The second camp emphasized biological factors. Although their adherence generally agreed that the patient’s education and environment could influence their gender identity, they found the chromosomal or hormonal composition of a person to be more important. Famous people, including endocrinologist Harry Benjamin, noted that the “cure” of trance through conversation therapy was almost unsuccessful, in which case he advocated another intervention: is to consider the reverse procedure “.

As these camps were set up, some trans people constantly backed down from their views that transness was not a medical disorder and that access to hormones and surgery should not be preached the most, with the approval of cis and male doctors. In the late 60s and early 70s, some trans people tried to organize their own treatment clinics, offering peer advice and support and referrals for surgery.

However, these clinics did not survive, and the first medical model remained in force. In his research and academic work, Levine relied on a psychoanalytic approach, theorizing that the desire for transition was a way for his patients to “avoid painful intrapsychic problems”. She examined what she considered to be the possible causes of these feelings, including the “too long, too symbiotic” relationship between the mother. When a person called himself a transgender, he liked to say that the mind was an attempt to offer him a solution. In psychotherapy, patients could question and resolve the problem that created these feelings. As in other clinics across the country at the time, Case Western offered surgery to some transgender patients – about 10 percent in 1981. A lot of trans people were disappointed with this view, but at least clinics like Levine found a level of sympathy and understanding. Instead of deviating, they were seen as people who needed treatment.

During the 70s and 80s, Levin’s height continued to increase. His clinic attracted patients and he published articles in famous magazines.
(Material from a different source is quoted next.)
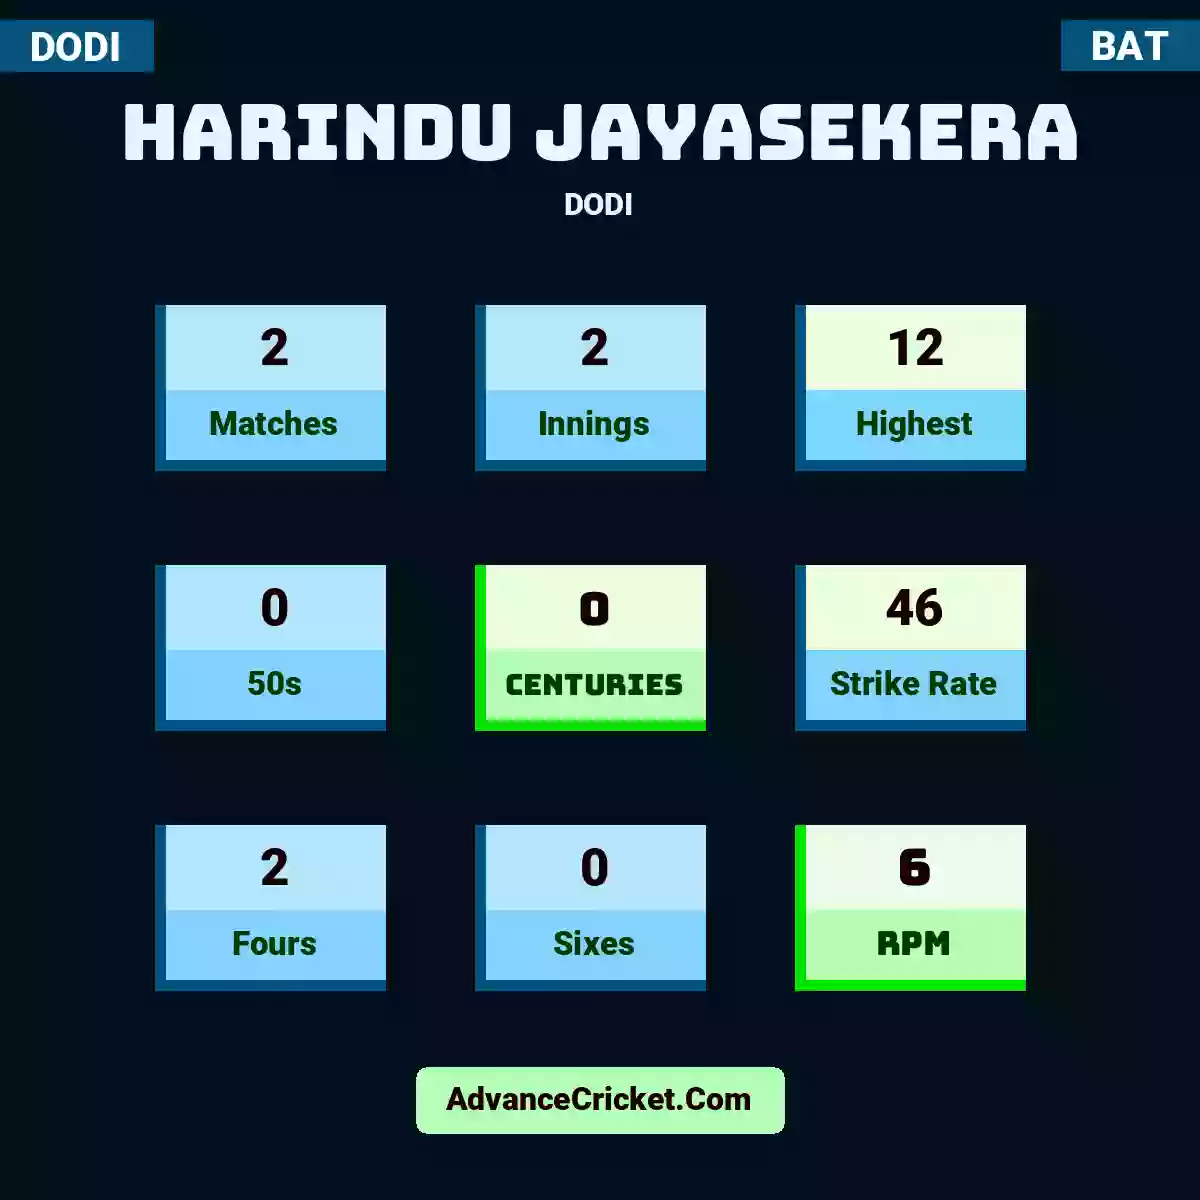 Harindu Jayasekera DODI , Harindu Jayasekera played 2 matches, scored 12 runs as highest, 0 half-centuries, and 0 centuries, with a strike rate of 46. H.Jayasekera hit 2 fours and 0 sixes, with an RPM of 6.

In the early 1990s, however, scientific consensus among trans health care providers and researchers began to move away from psychoanalytic theory. More people were seeing evidence of innate biological factors. An increasing proportion of providers argued — they have more and more quantitative data to prove their claim — that medical interventions were more effective than therapy than therapy to alleviate gender dysphoria. An area of ​​the human brain associated with sexual behavior is larger in men than in women. In 1995, a landmark study published in Nature they found that this area was the same size as trans-female counterparts, regardless of whether they took their sexual orientation or hormones. According to the finding, “gender identity develops as a result of the interaction between the developing brain and sex hormones.”
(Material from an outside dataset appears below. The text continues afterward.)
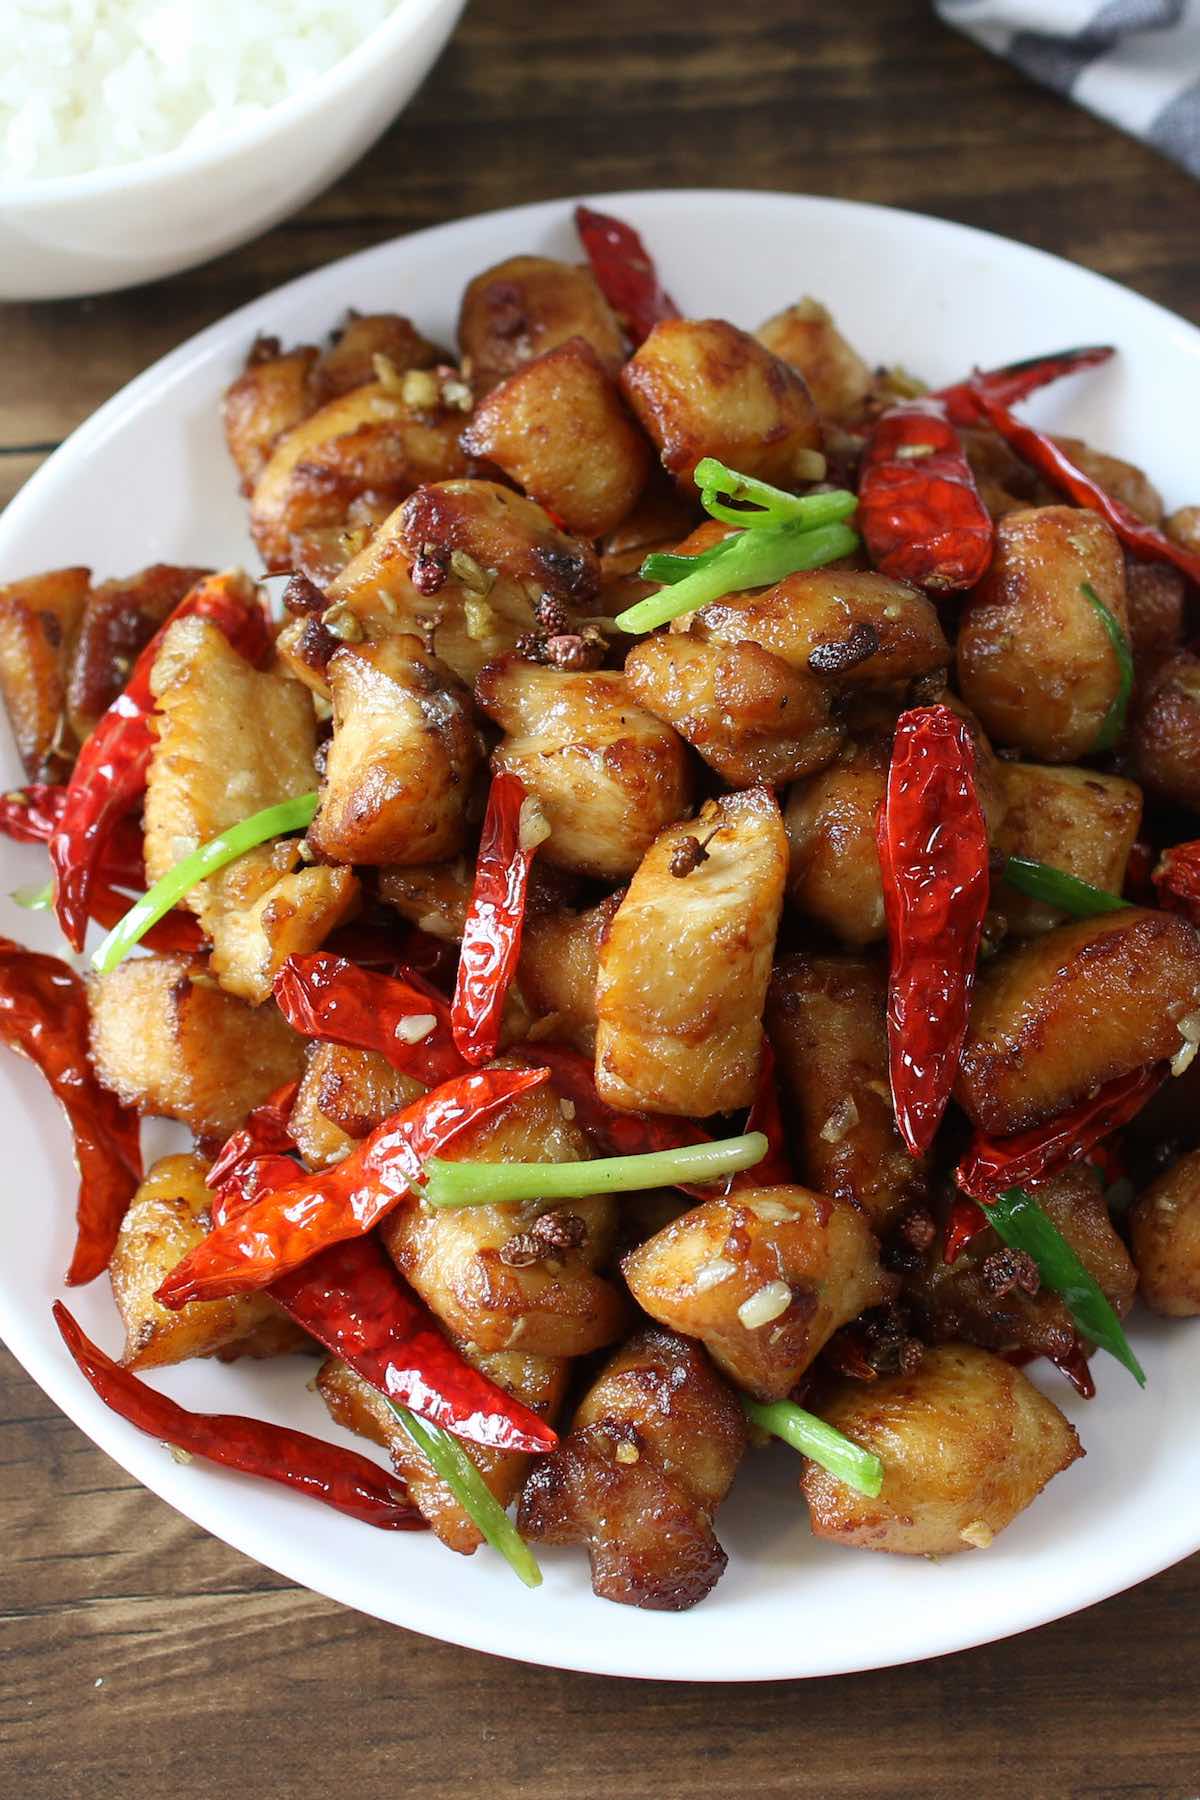 Szechuan chicken cooked with whole Szechuan peppercorns on a serving plate.

Two years later Nature This study came out when Levine was named chairman of the board of the Harry Benjamin International Gender Dysphoria Association, the first national organization for medical providers to treat trans nationals. The most important task of the organization was to develop and publish a regularly updated document that includes good practices for diagnosing and treating trans people, called the Rules of Care. Levine was invited to lead the team that produced the next update, SOC 5.
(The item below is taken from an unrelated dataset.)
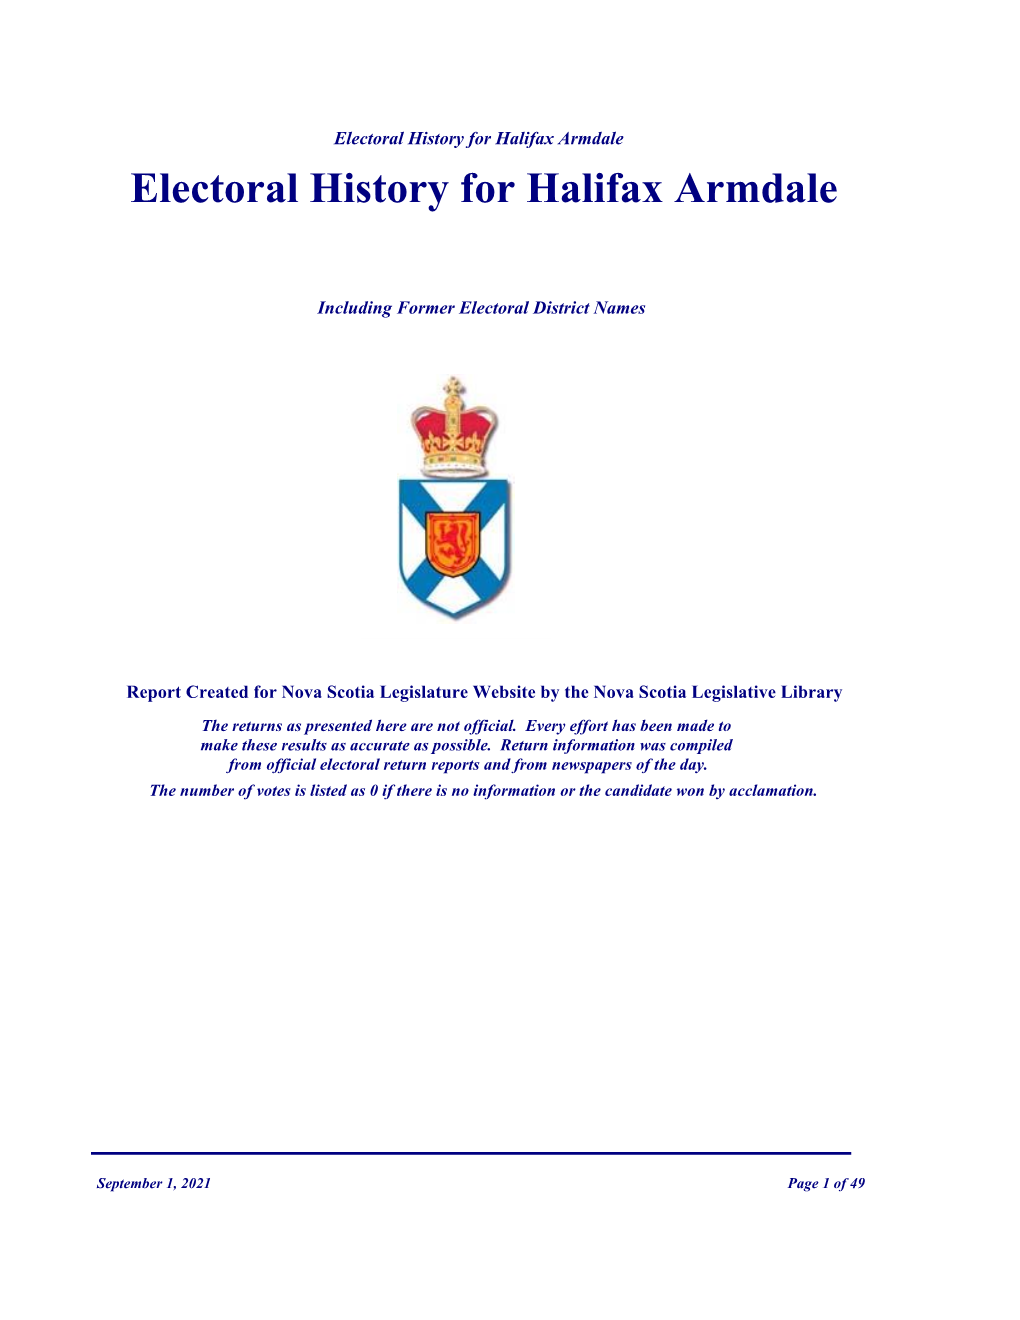 Halifax Armdale Electoral History for Halifax Armdale

Reviewing the rules was a long process. In 1997 the organization held a biennial conference in Vancouver, British Columbia. Jamison Green, a trans man and health activist living in San Francisco, attended the event as one of the few trans people in attendance. “It wasn’t a nice atmosphere,” he told me. “They weren’t happy when they saw you.” Levine was scheduled to lead the Saturday afternoon session about the draft rules. Green was sitting in the auditorium, waiting for the event to begin, when he heard a commotion outside. Technically, the meeting was open to the public, but there was a high cost of registration. Many other trans activists, especially those who lived locally, were outraged because of the high price and were basically leaving out a meeting that would directly affect their attention. Green says “they started knocking on doors and asking them to let them in.”